Quick notes: It was after Body Boss and before SalesWise when I consulted with several companies. A few companies and I worked together to explore working full-time after our initial contracts. However, none of those materialized into full-time positions. Those initial consulting arrangements allowed responsible parties to realize we were not good fits. I learned about how teams worked together, trajectory of the companies, etc. Early consulting allowed me to dive in without risking longer term objectives.
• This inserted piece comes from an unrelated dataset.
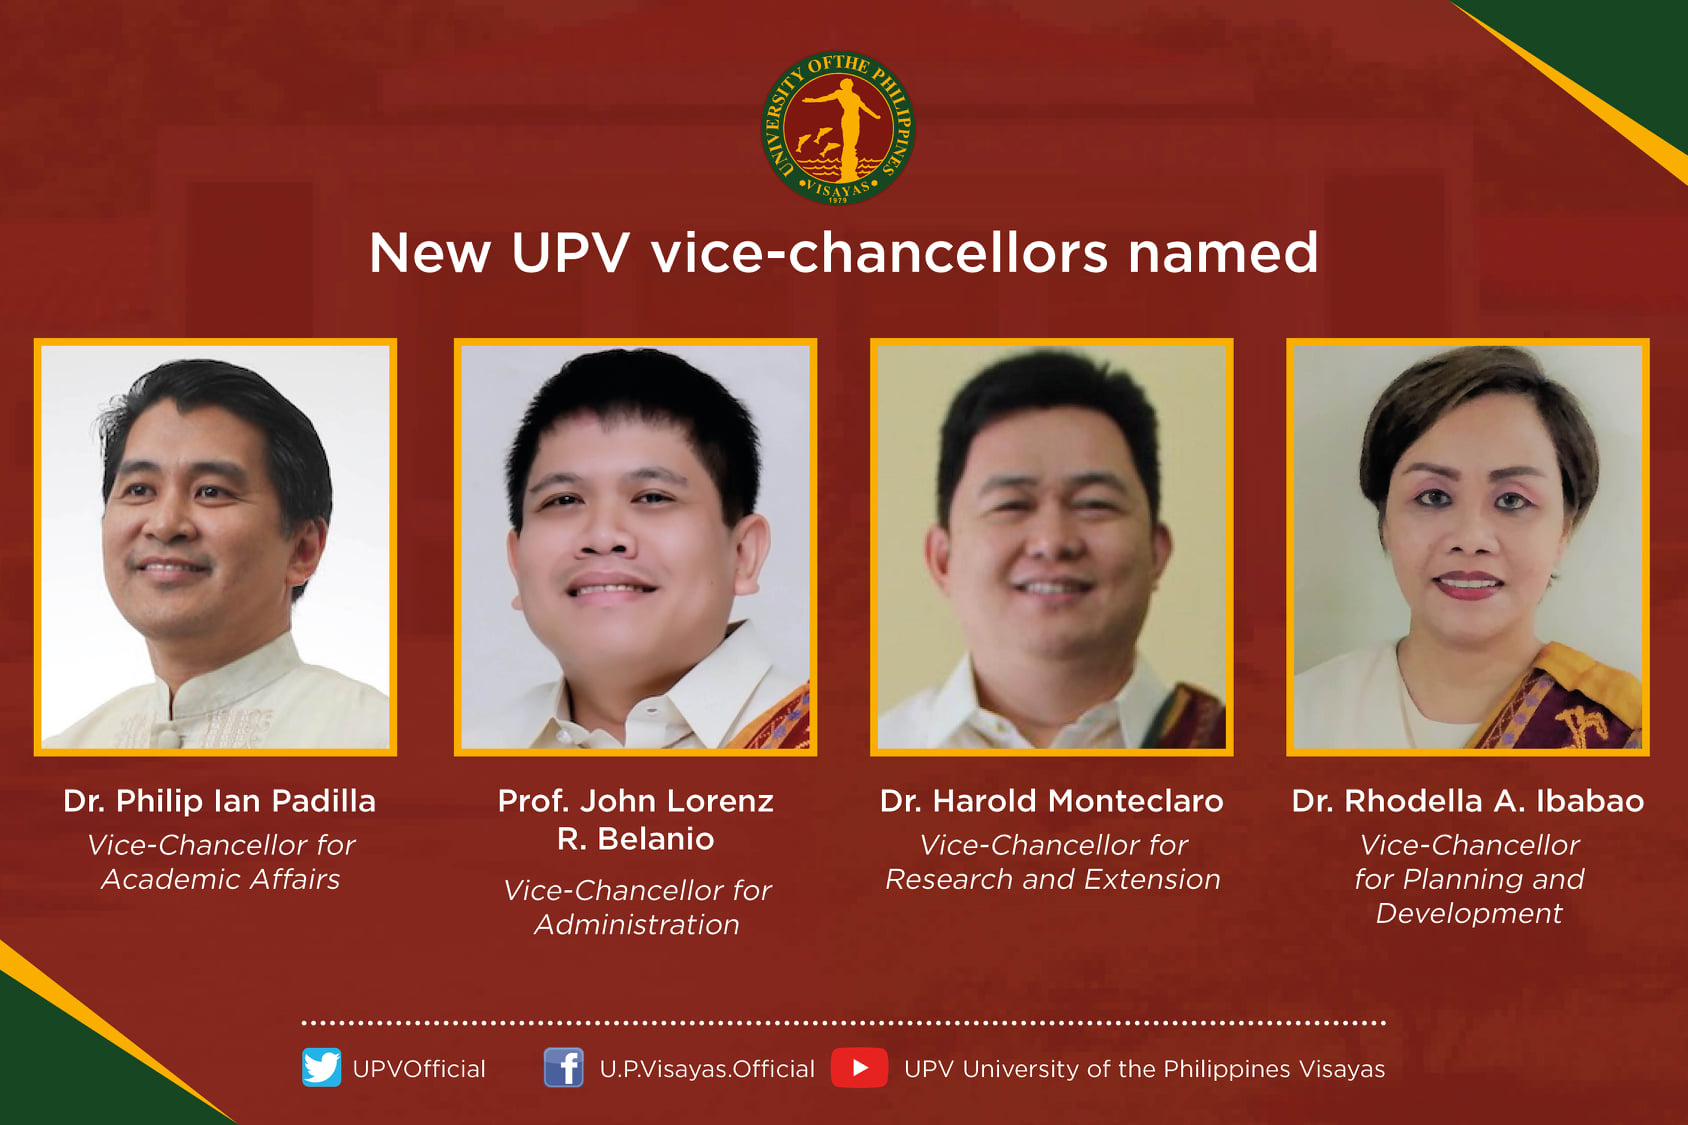 New UPV vice-chancellors named

Before AUTIT (and after Burner Rocket / SalesWise), I applied to Google. This would have been a good opportunity to be a part of a company that was at the cutting edge of technology. Meanwhile, they would pay well and make up for the deficits of working in startups over the years. This would have been a deliberate move to learn and build up a seed fund for a future company. However, this hiring process didn’t go too far.

What’s all this mean to folks looking to make moves? Paths can be very different than the traditional apply-interview-offer format. My path has been relatively the same the last several positions. My motivations have changed, but I have aligned goals to the process I felt would be most advantageous to the value I would bring. I don’t “interview”. I don’t “apply”. Though I keep an updated resume together, I have not used it much – certainly not for my last several positions, not even during our early talks. I know my value, and it does not fit on one page.

Figure out what works for you. Then, try to control part of the process to put you in the best position to achieve your goals.